# Brief
Starting with the line that has "Yohji Yamamoto Y's" in the records below and stopping after the line that has "giraffe waring glasses", output every line exactly and nothing else; skip pictures.

# Excerpted records
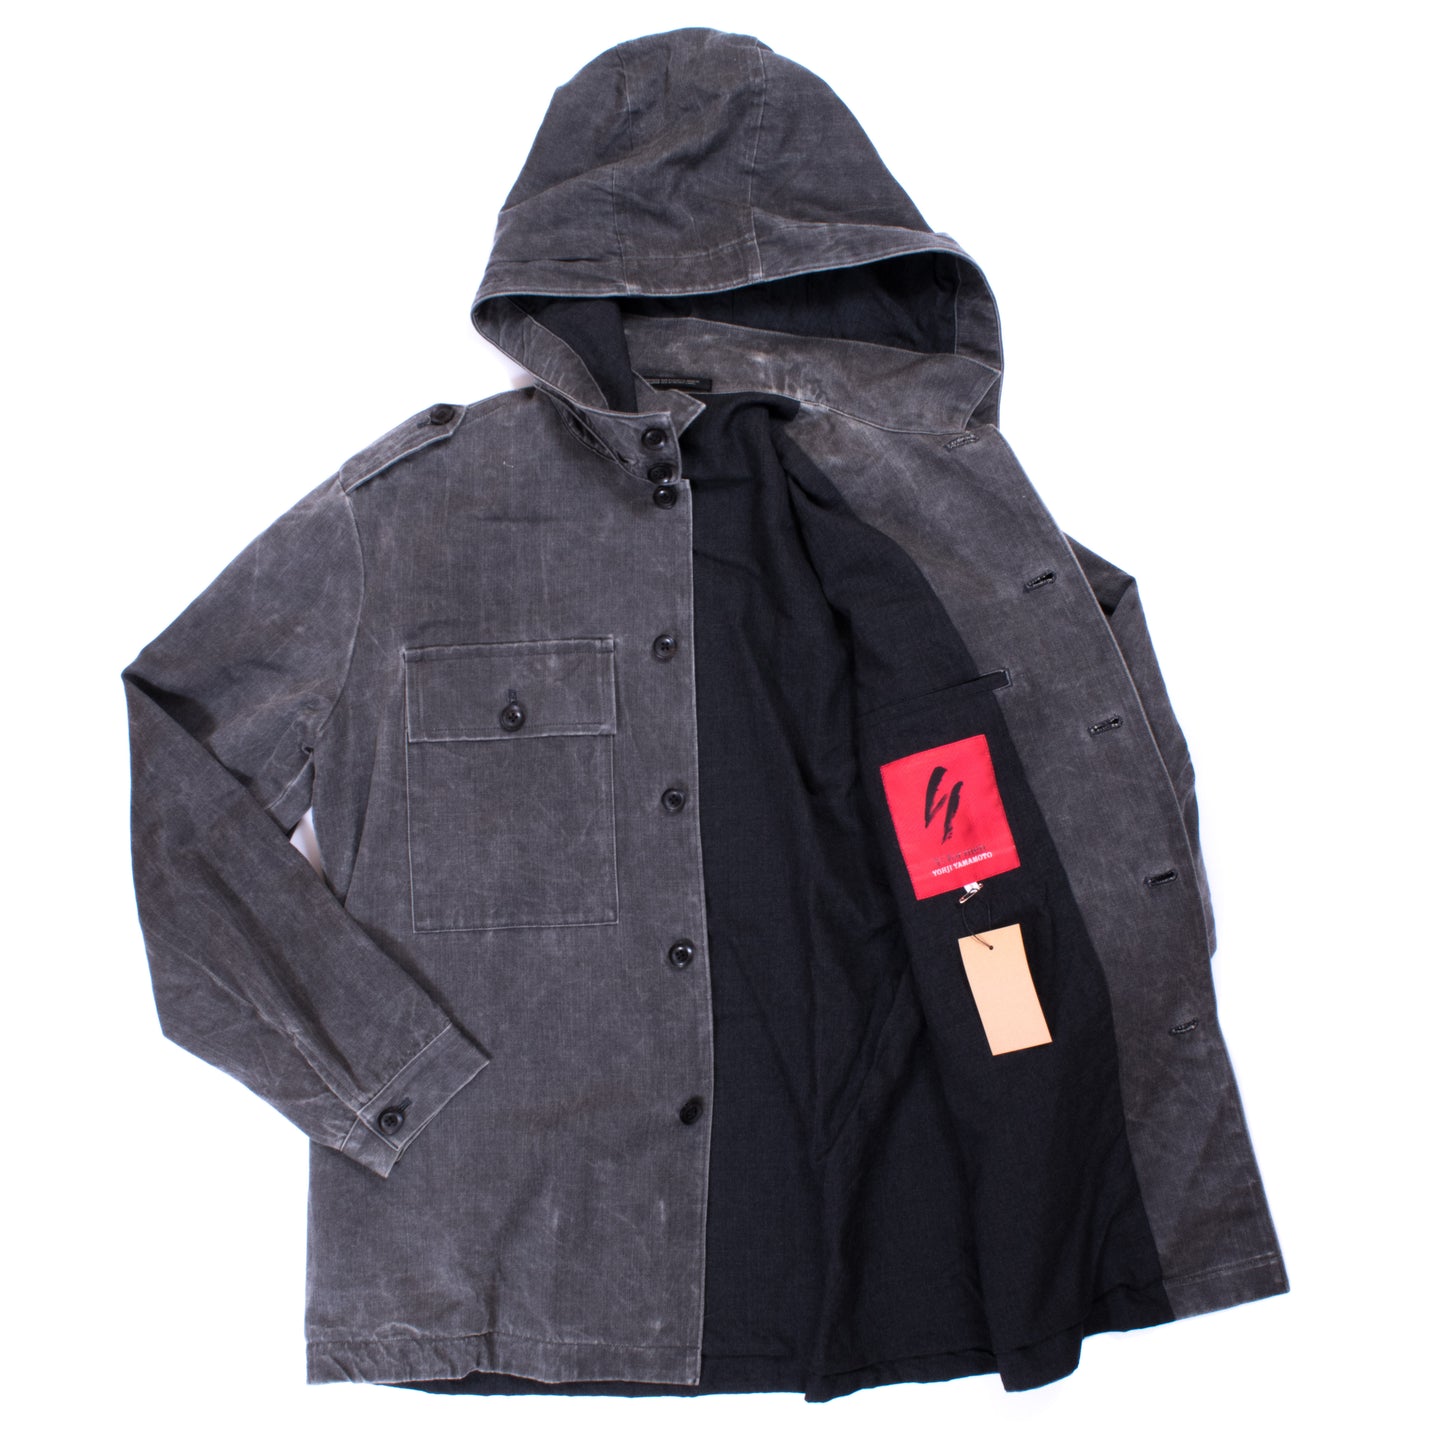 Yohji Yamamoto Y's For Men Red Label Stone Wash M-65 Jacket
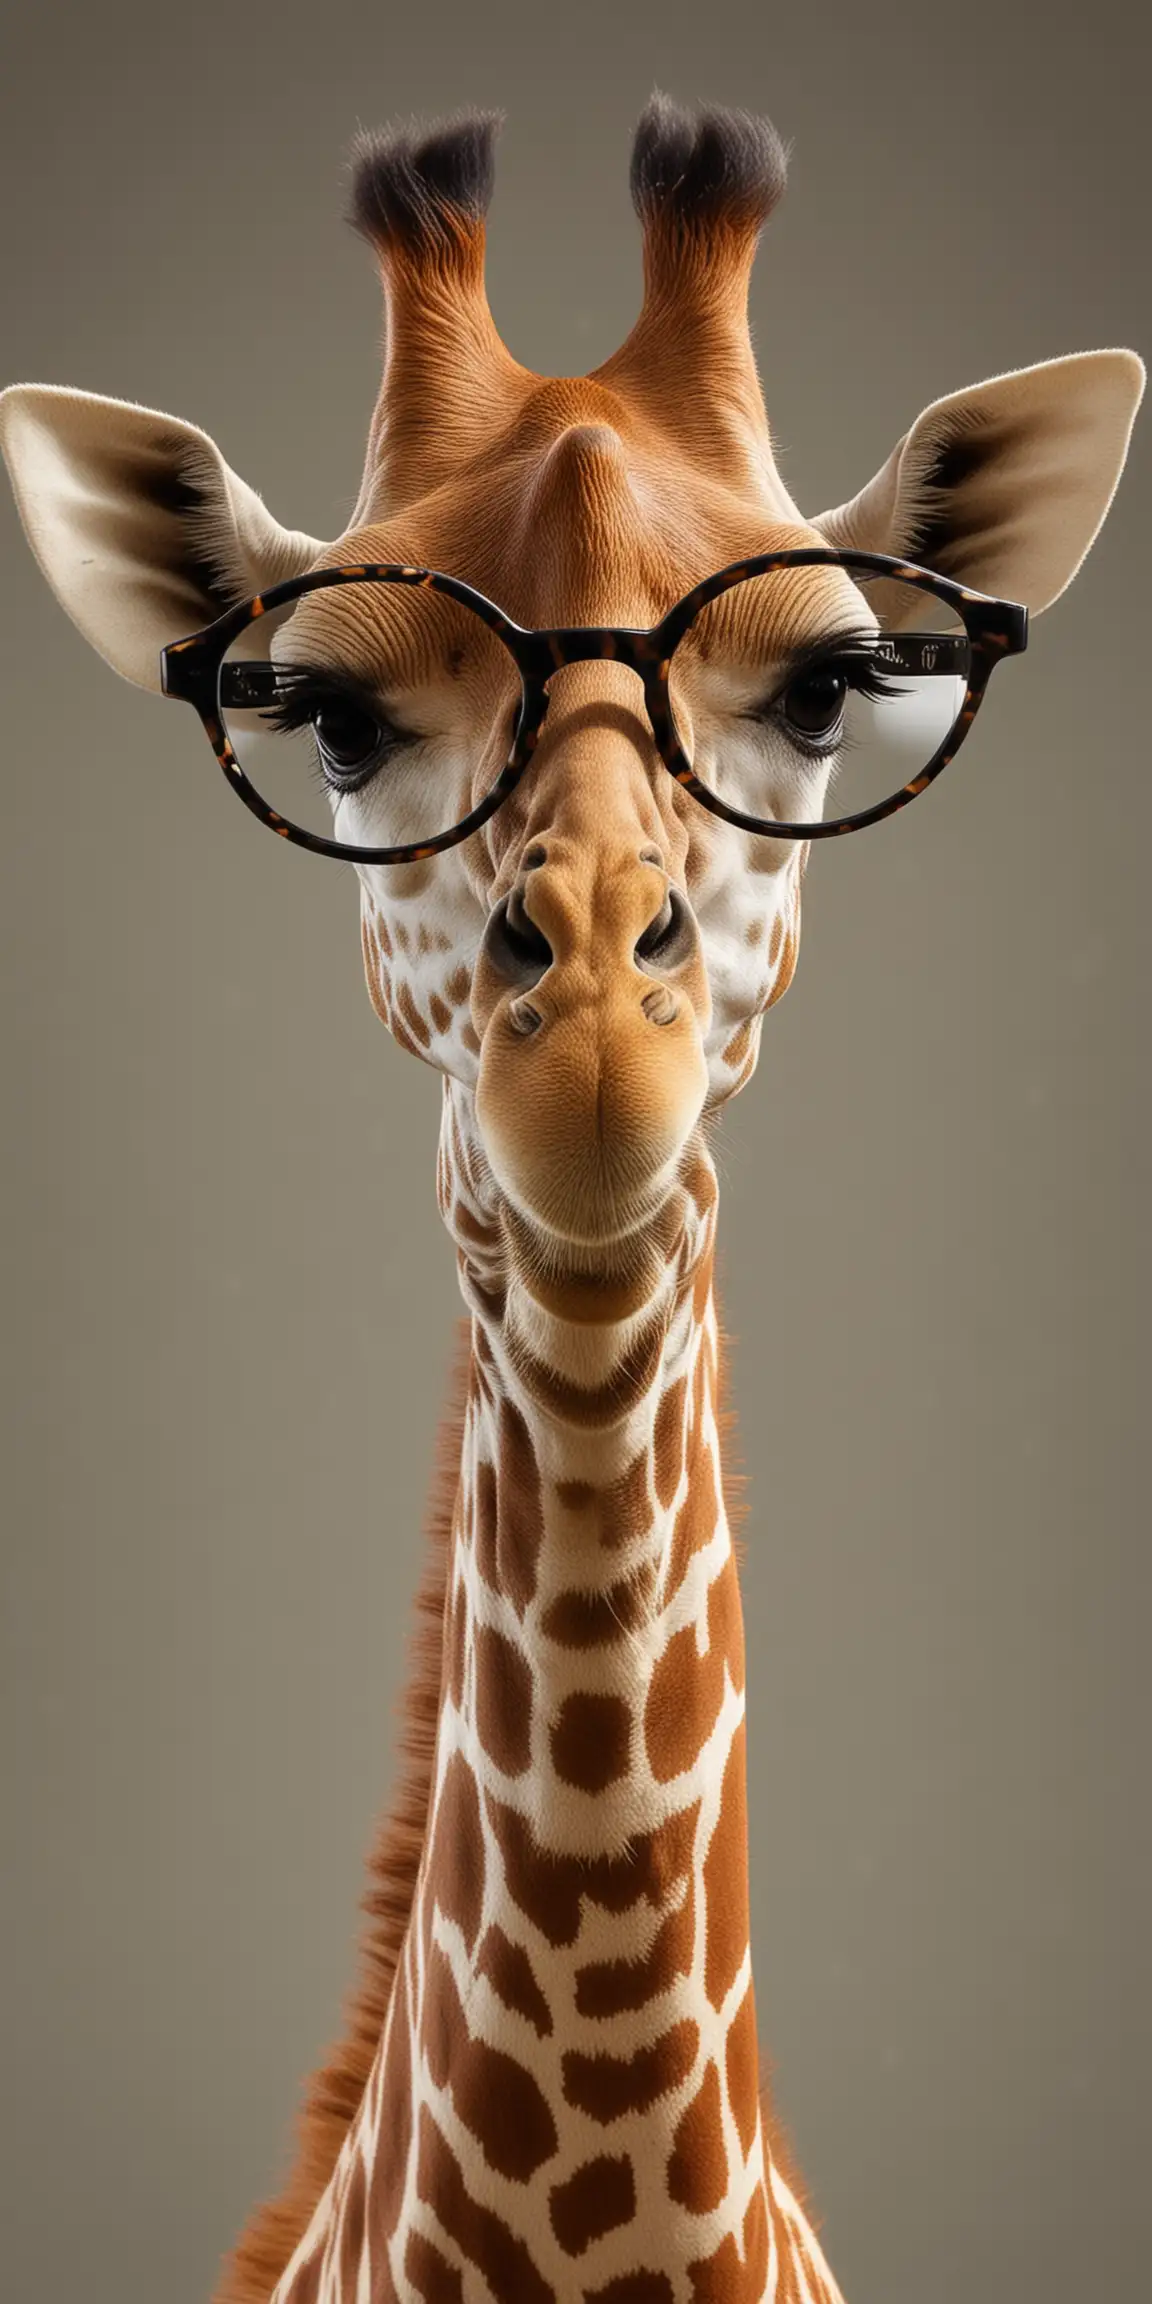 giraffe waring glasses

--

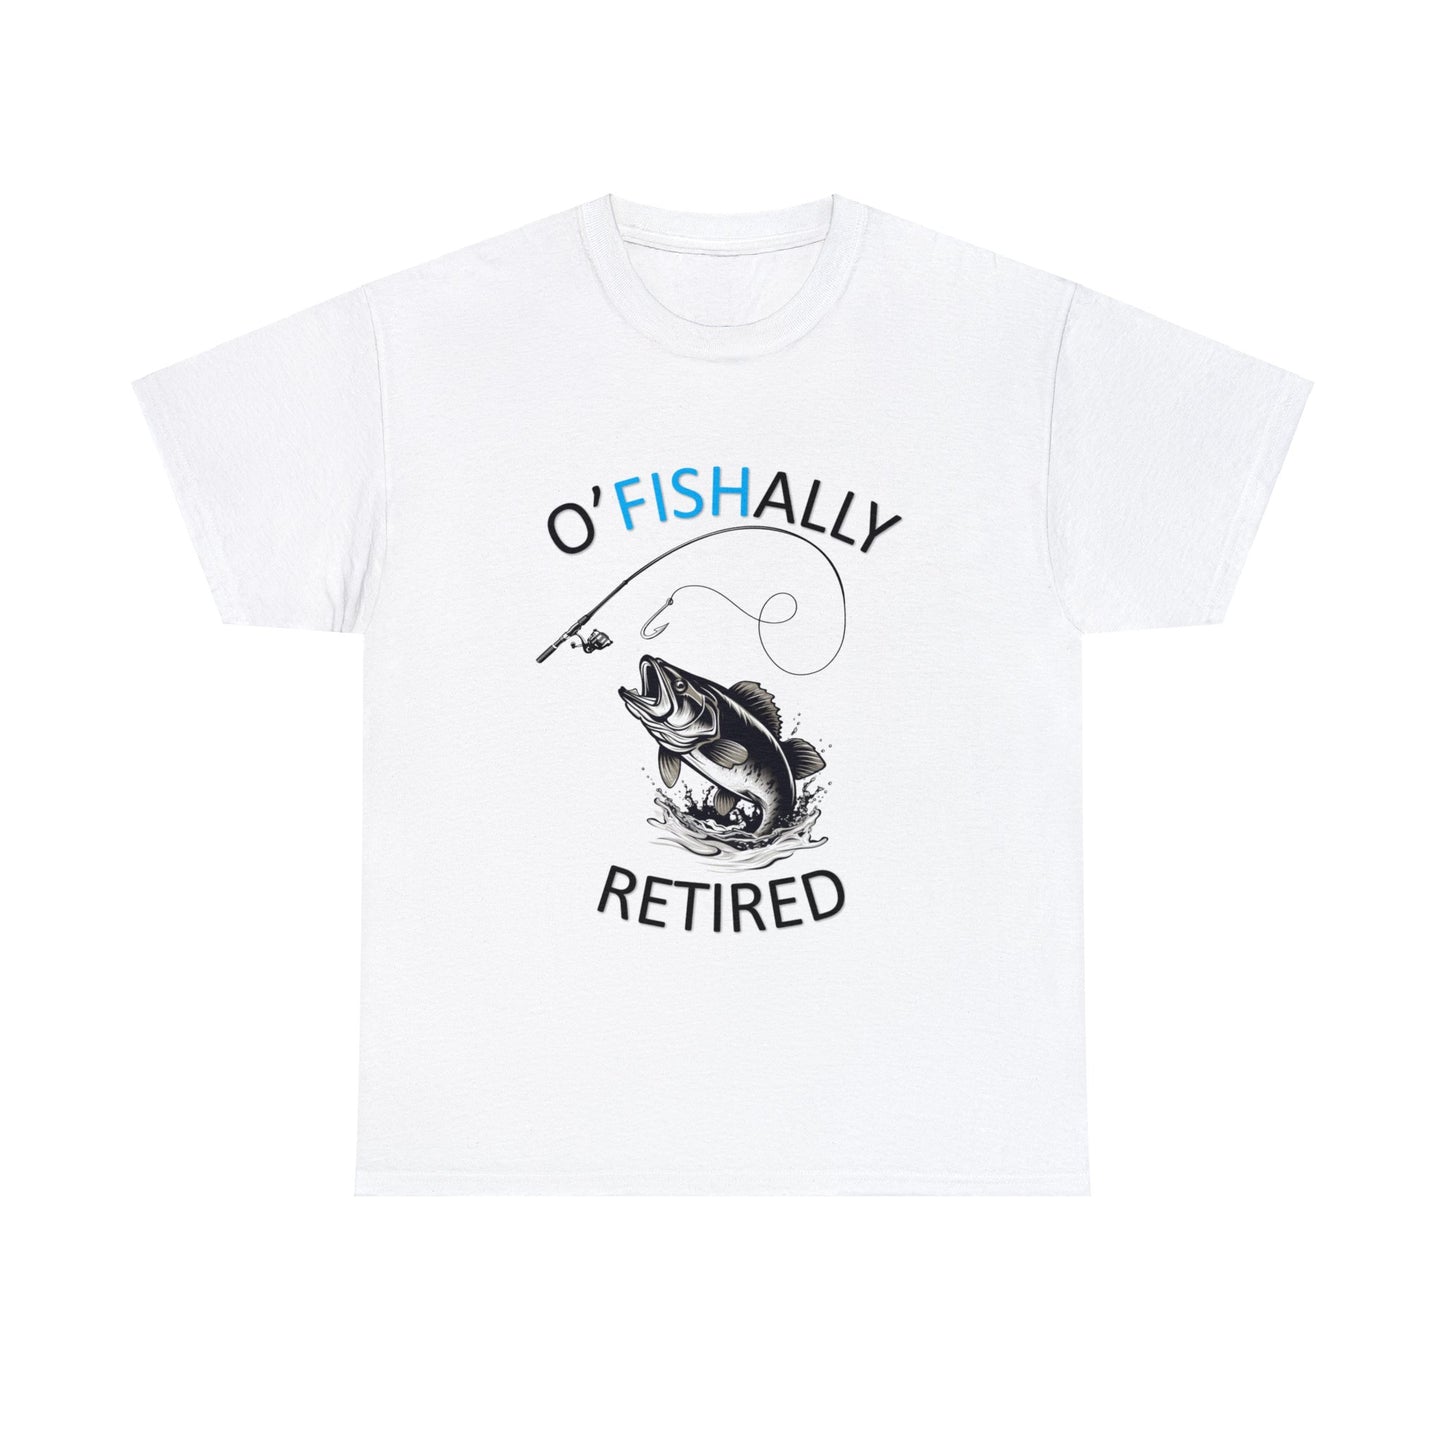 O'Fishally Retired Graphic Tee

# Output below
 Yohji Yamamoto Y's For Men Red Label Stone Wash M-65 Jacket
 giraffe waring glasses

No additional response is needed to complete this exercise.